KVM HA: fence by confirming host power state (fix host stuck in Fencing when already powered off)#13377
andrijapanicsb wants to merge 1 commit into
apache:4.22from
andrijapanicsb:fix/kvm-ha-fence-already-off

Conversation

@andrijapanicsb
Copy link
Copy Markdown
Contributor

Description

When a KVM host with host-HA + out-of-band management (OOBM) enabled is hard powered off (forced chassis-off from the BMC, or a real power/cable failure), CloudStack never transitions the host to Down and therefore never restarts its VMs on other hosts — the host stays in Alert/Disconnected indefinitely.
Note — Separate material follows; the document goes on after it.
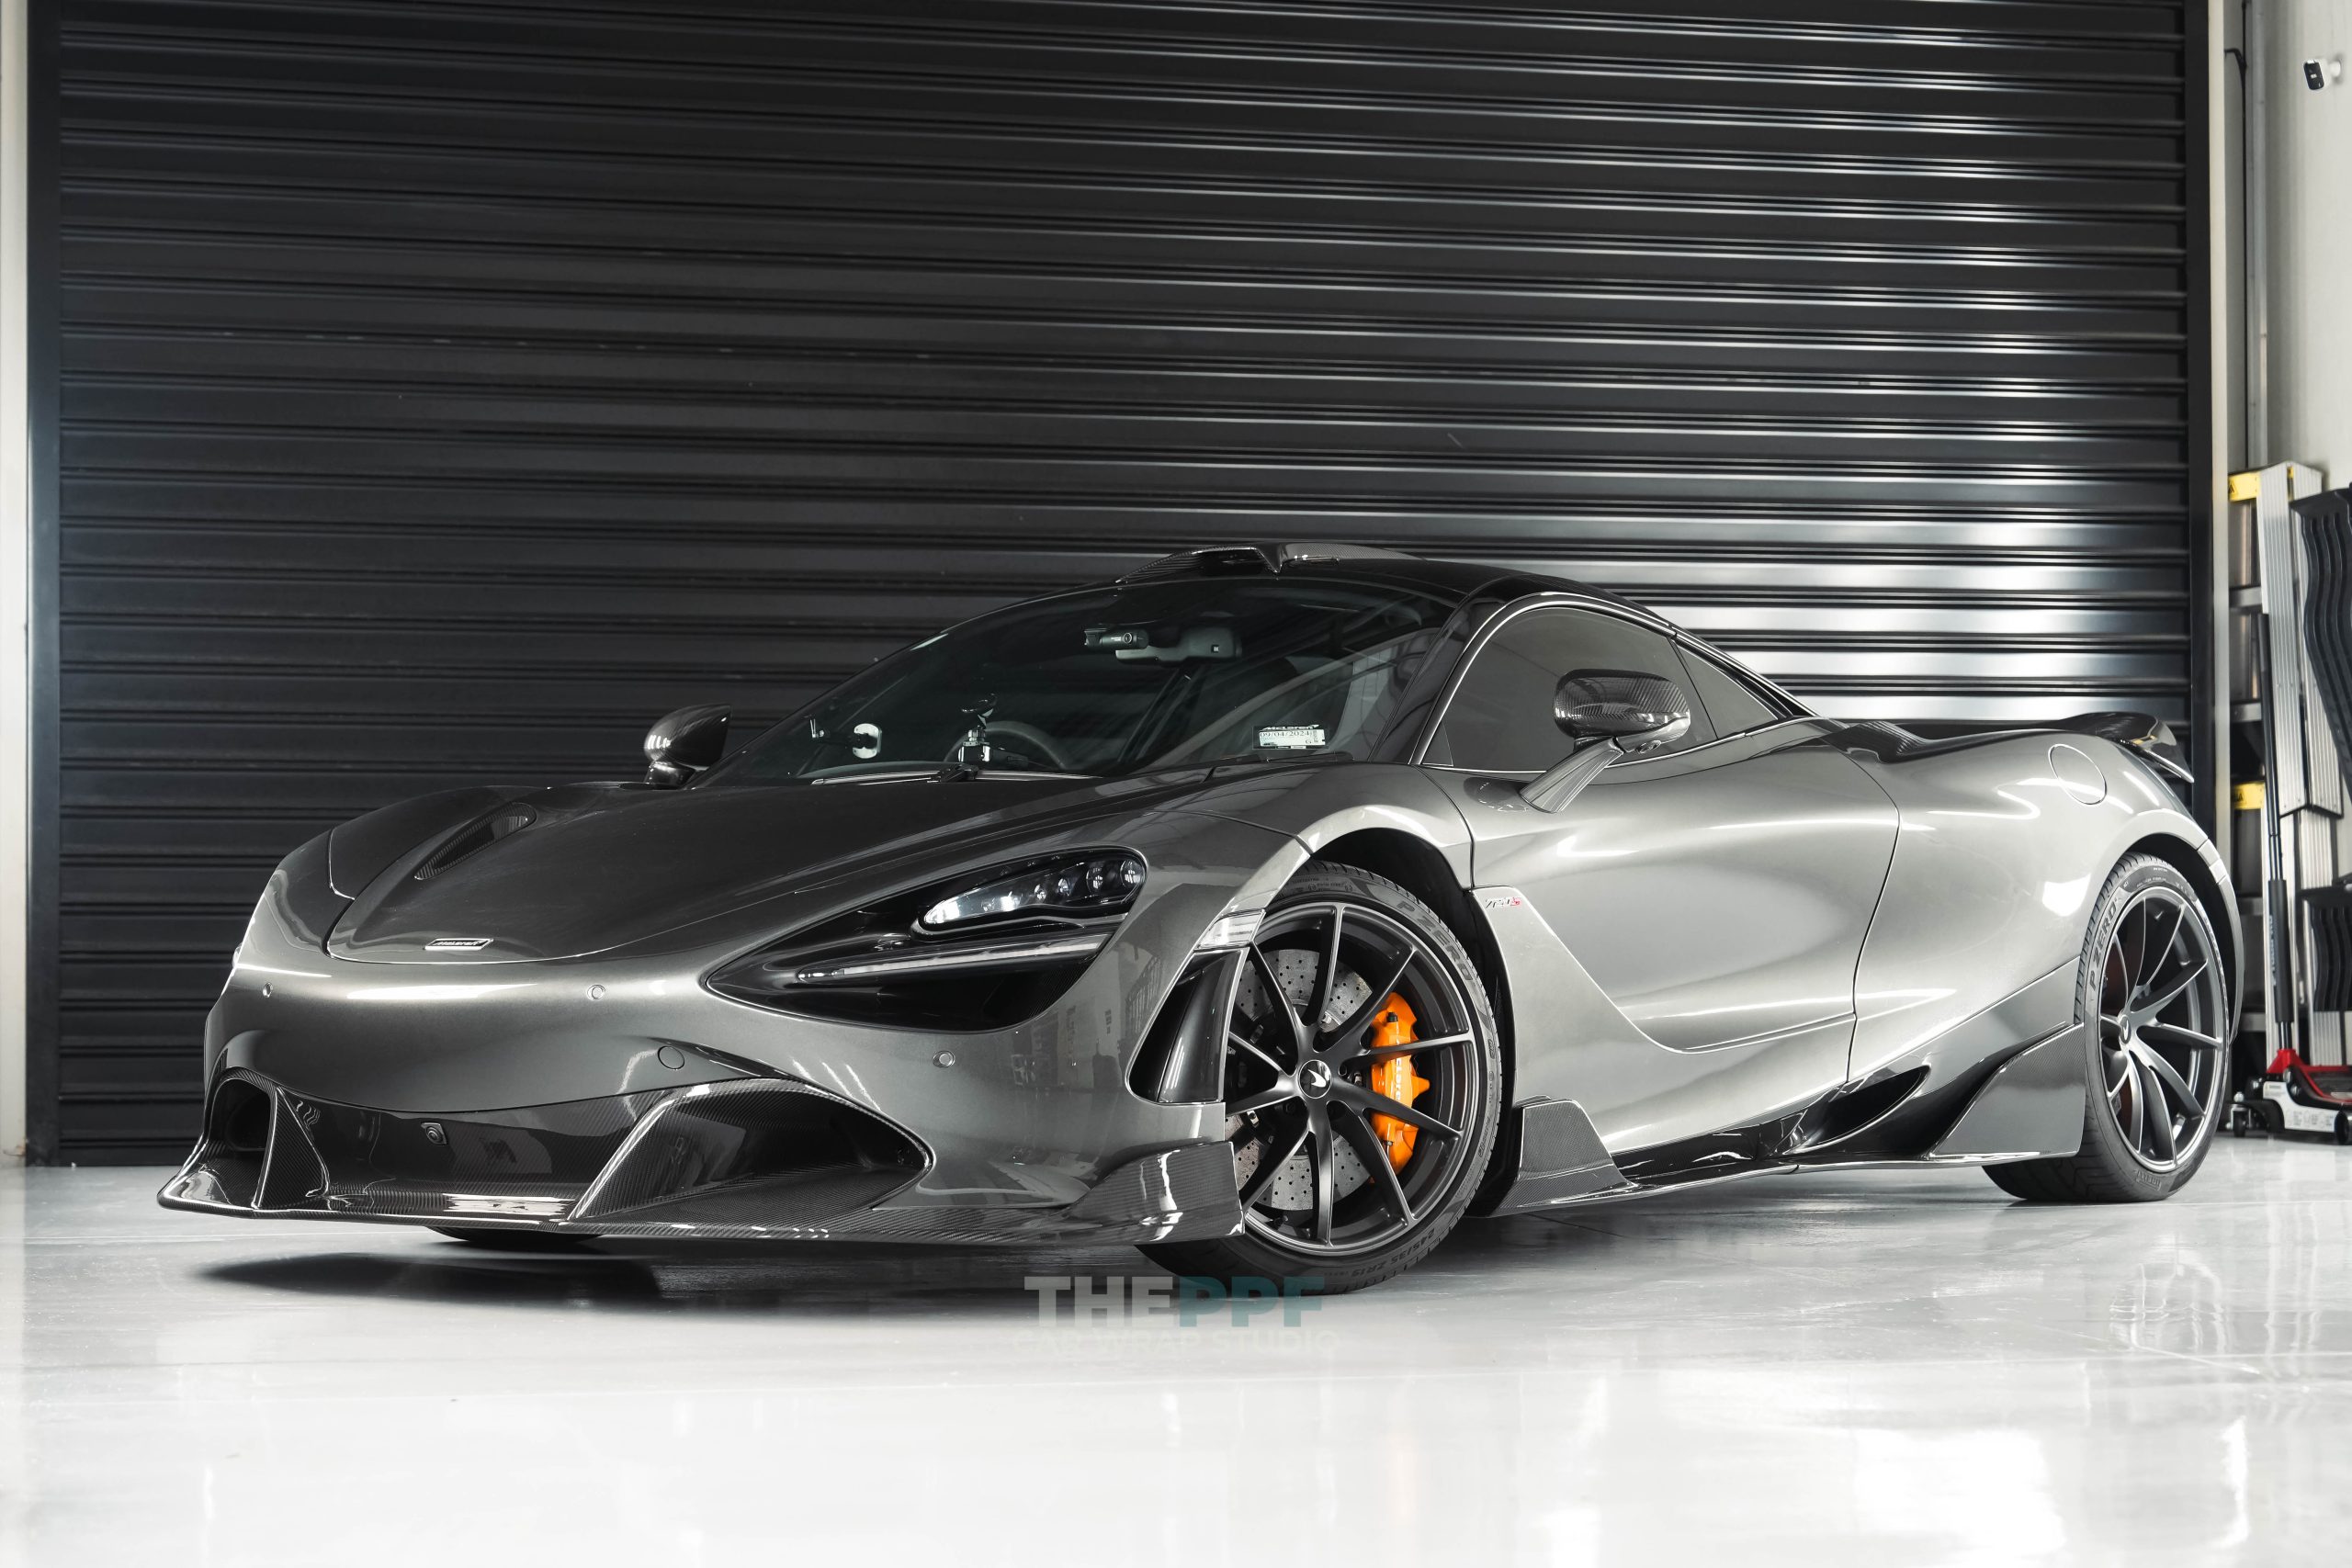 the ppf mclaren 720s super car paint protection film wrapping auckland

Root cause: the host-HA state machine declares a host dead (HAState.Fenced → investigator Status.Down) only after a successful OOBM power-off. Against an already-off chassis the BMC rejects the power-off (the Redfish driver maps OFF to GracefulShutdown, which returns HTTP 409 when the system is already off), so KVMHAProvider.fence() reports failure and the host stays stuck in the Fencing state — which HAManagerImpl.getHostStatusFromHAConfig() maps to Status.Disconnected, not Status.Down. VM-HA is therefore never invoked, and the VMs are only recovered once the original (dead) host is powered back on, at which point the pending power-off finally succeeds.
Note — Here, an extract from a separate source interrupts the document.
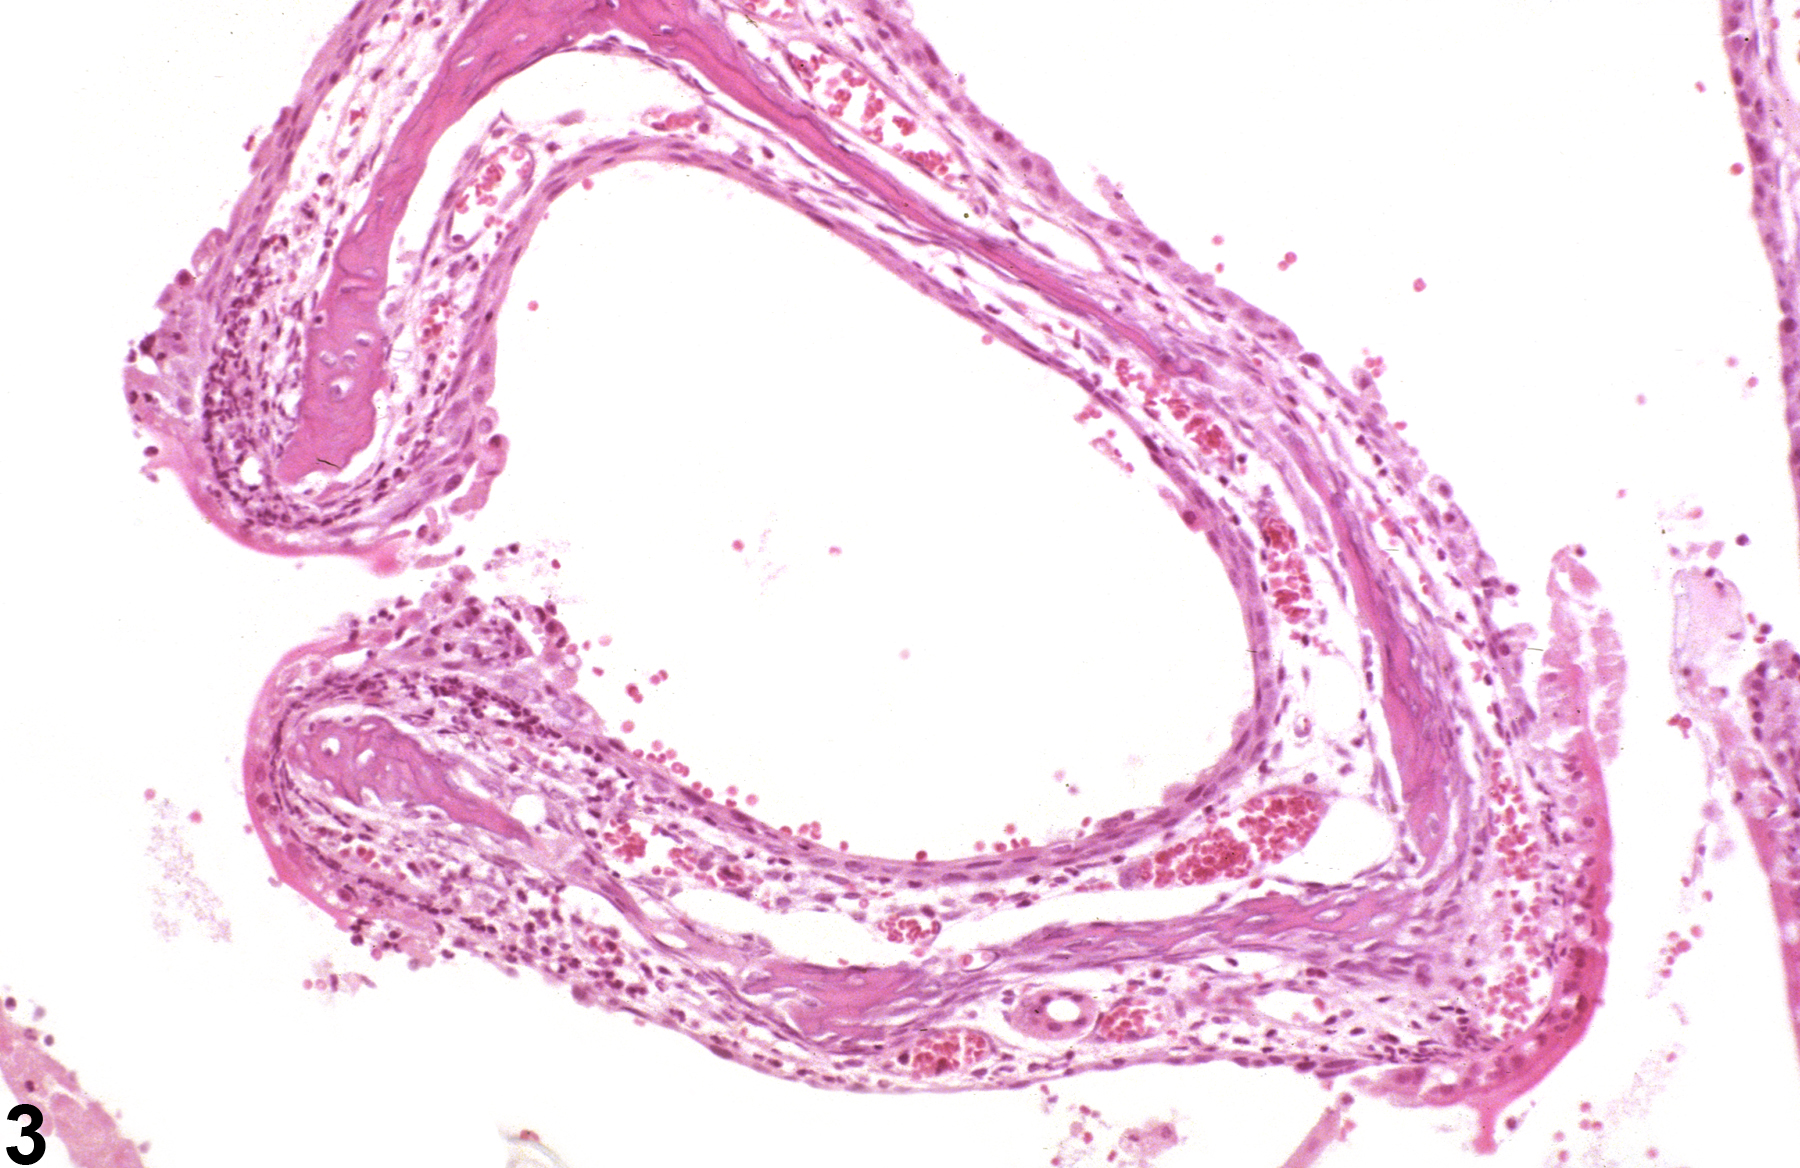 Image of necrosis in the nose, transitional epithelium from a  B6C3F1/N mouse in a subchronic study

Observed in production with Redfish/iDRAC. Full root-cause analysis and management-server log evidence are in #13376.

Fix

Fencing now succeeds based on the actual chassis power state, not the power-off command's return code:

  • if the host is already powered off (OOBM STATUS == Off) → treat it as fenced (no power-off issued);
  • otherwise issue a best-effort power-off and then confirm via OOBM STATUS;
  • only a confirmed Off state counts as a successful fence; if the state cannot be confirmed (e.g. an unreachable BMC) the fence fails and is retried, to avoid split-brain.

This is OOBM-driver-agnostic (works for ipmitool, Redfish and nested-cloudstack drivers).

Additionally, the Redfish driver now maps PowerOperation.OFF to ForceOff (a hard power-off) instead of GracefulShutdown — consistent with the ipmitool driver and appropriate for fencing an unresponsive host; SOFT remains the graceful ACPI shutdown. Also fixes a latent String.format argument-count bug on the Redfish STATUS branch.

Fixes: #13376

Types of changes

  • Breaking change (fix or feature that would cause existing functionality to change)
  • New feature/enhancement (non-breaking change which adds functionality)
  • Bug fix (non-breaking change which fixes an issue)
  • Enhancement (improves an existing feature and functionality)
  • Cleanup (Code refactoring and cleanup, that may add test cases)
  • build/CI

Bug Severity

  • BLOCKER
  • Critical
  • Major
  • Minor
  • Trivial

How Has This Been Tested?

Unit tests added to KVMHostHATest (all green) covering the fence behaviour:

  • host already off → fenced without issuing a power-off;
  • power-off succeeds, STATUS confirms Off → fenced;
  • power-off command fails (HTTP 409) but STATUS confirms Off → still fenced (the regression for this issue);
  • power state cannot be confirmed (unreachable BMC) → fence fails (no split-brain);
  • OOBM not enabled → fence fails.
mvn -pl plugins/hypervisors/kvm -Dtest=KVMHostHATest test
=> Tests run: 9, Failures: 0, Errors: 0, Skipped: 0

Note on reproduction: the original symptom reproduces on real Redfish hardware (power-off-when-off → HTTP 409). Software/nested OOBM drivers whose power-off is idempotent (e.g. the nested-cloudstack driver's stopVirtualMachine, which is a no-op on an already-stopped VM) do not exhibit the bug, so the deterministic coverage is provided by the unit tests above.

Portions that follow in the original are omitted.